Keywords: Olympic medal prediction; feature screening; fusion graph neural networks; Random Forest Regression Model; dynamic causal analysis

1. Introduction

The Olympic Games, hosted by the International Olympic Committee, are the largest comprehensive sports events in the world and the most influential sporting extravaganza, whose gold medal value is self-evident [1]. With the commercialization and technologicalization of global sports competitions, Olympic medal prediction has become an interdisciplinary hotspot in sports management and socioeconomic research. Accurate prediction of medal distribution can not only provide a basis for national Olympic committees to allocate strategic resources, but also reveal the complex relationship between sports achievements and social factors. For example, in the 2024 Paris Olympics, emerging countries such as Saint Lucia won medals for the first time, highlighting the necessity for models to capture dynamic pattern changes [2]. By modeling and analyzing medal trends, it is possible to quantify the effects of policies, identify potential countries, and provide data-driven decision support for sports development strategies. In addition, accurate medal predictions can help event organizers estimate the attention and intensity of competition for each event. According to the medal prediction results, organizers can plan publicity strategies in advance. At the same time, athletes and coaches can understand the strength of competitors and their advantageous events based on medal predictions, and set clear goals for athletes.

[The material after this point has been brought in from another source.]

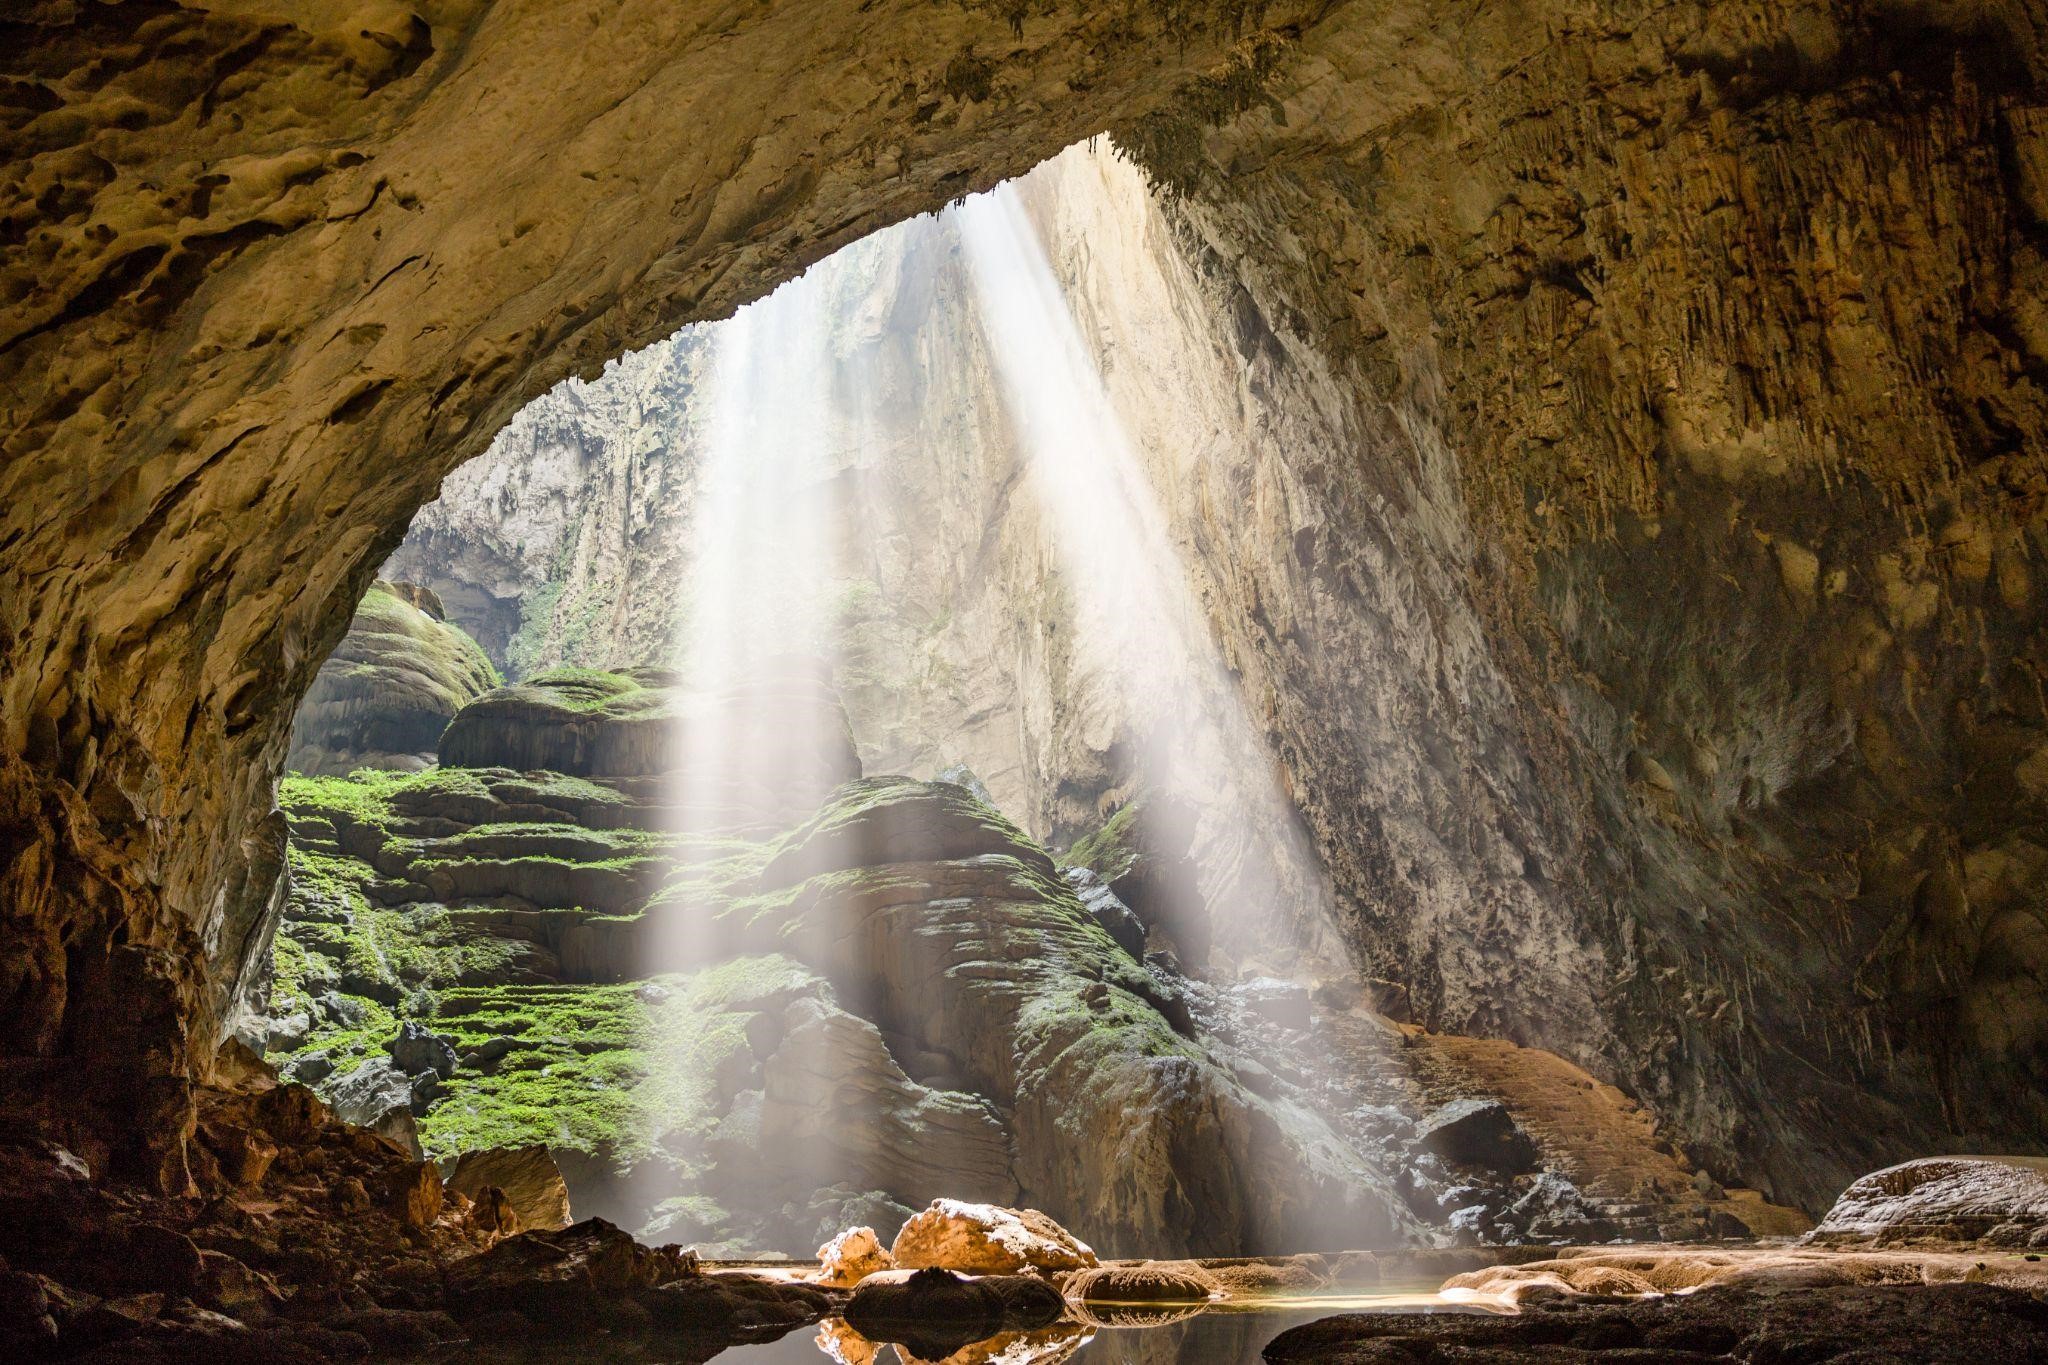 Hang động tự nhiên: Thiên nhiên có rất nhiều bí ẩn và những hang động tự nhiên chính là một ví dụ đầy thú vị. Hãy đến khám phá những điều kỳ diệu và đầy truyền thuyết trong các hang động này để phấn khích cả tâm hồn và trí tuệ.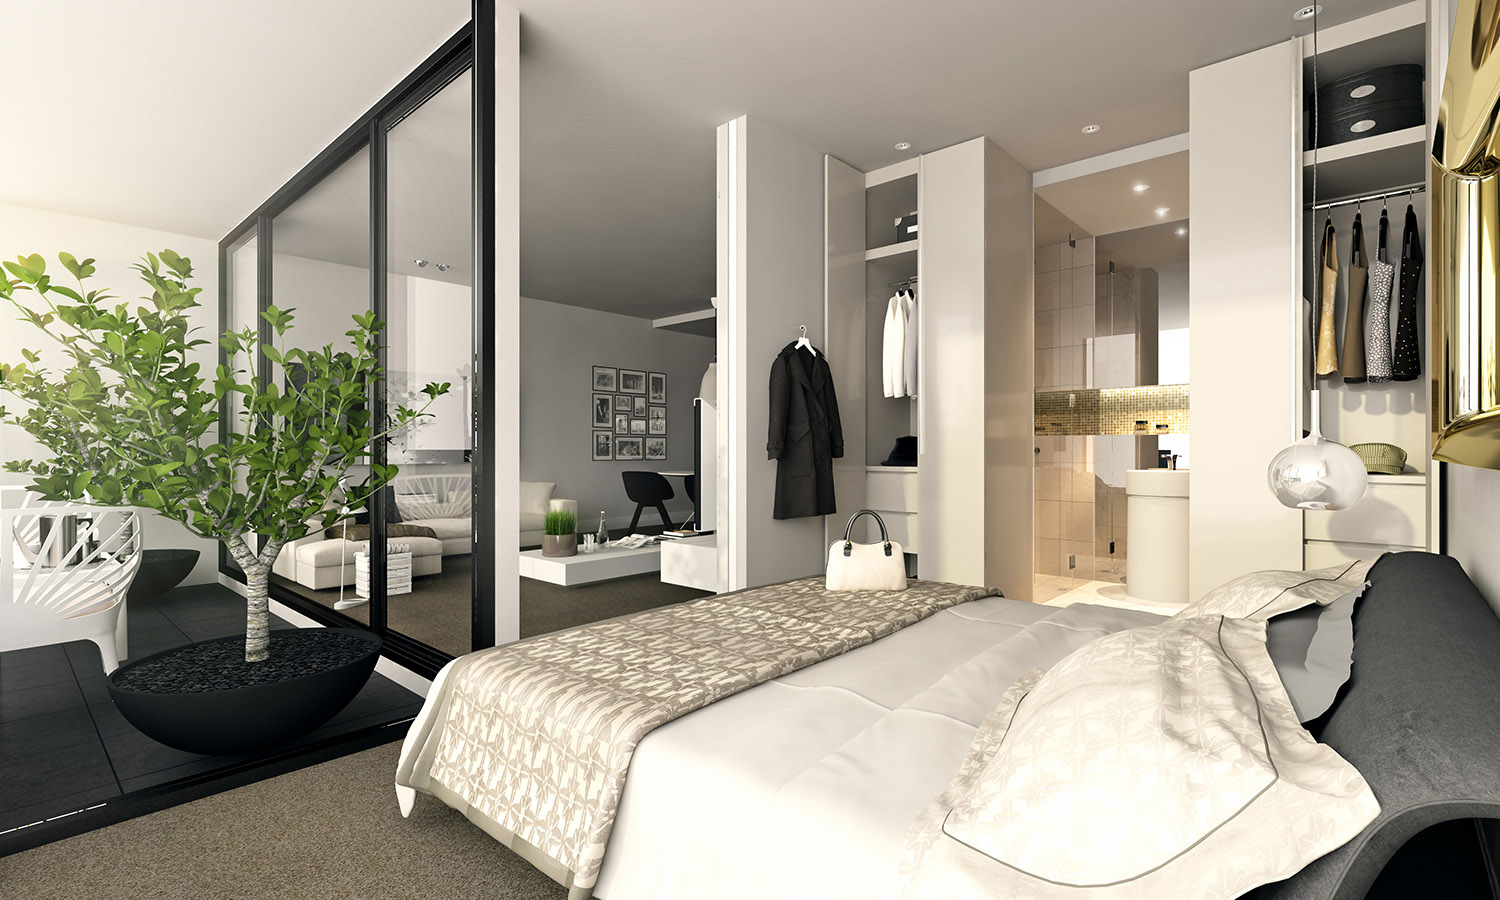 Studio Apartment Interiors Inspiration Architecture & Design

In response to the increasing complexity of the Olympic competitive landscape and the diversified needs of national sports strategic decision-making, this study aims to construct a comprehensive, dynamic, and interpretable medal prediction and analysis framework. It can not only accurately predict the medal distribution and confidence intervals of various countries in the 2028 Los Angeles Olympics [3], but also further identify which countries may rise or decline in future Olympics, and explore the potential paths of countries that win medals for the first time. On this basis, the model will quantify the systematic impact of Olympic event settings and host country selection on the medal structure, and integrate the "great coach effect" evaluation mechanism to capture the marginal contribution of key human factors to competitive leaps [4]. Finally, the model is not only used for prediction, but also provides data-driven strategic suggestions for NOC in event planning, resource investment, and coach configuration through an interpretable mechanism.

At present, there are many methods for medal prediction, which can be roughly divided into three categories: physical methods, statistical methods and artificial intelligence-based methods. Physical methods usually refer to models based on dynamic trends and competition mechanisms. For example, time series models are used to predict medal trends, and the number of medals is regarded as a dynamic process evolving over time. Typical practices include using the Autoregressive Moving Average Model (ARIMA) to capture periodic fluctuations [5] or the grey prediction model to describe the development trend of the number of medals [5]. The advantage of this kind of method is that it can use historical data to find periodic laws, and the model is relatively simple; however, its limitation is that it does not fully consider the external factors affecting medals, and it is difficult to cope with sudden changes in national strength or the emergence of new sports powers. The statistical method refers to an empirical model based on macro-statistical correlation. Studies have found that a country's per capita economic strength, population size, host effect, etc., have a significant impact on the total number of medals [6]. For example, Bernard, Busse and others established a medal prediction model through multiple regression, proving that GDP, population and host country status have a significant positive effect on the total number of medals [5]; Johnson and Ali's research further quantified the effect of the host country's advantage on the substantial increase in the number of medals [6]. The advantage of the statistical model is that it is highly interpretable and can clarify the contribution of various factors; however, the limitation is that most of the models assume a linear relationship, which is difficult to describe complex nonlinearities, and lacks flexibility for abnormal events such as political factors and suspensions.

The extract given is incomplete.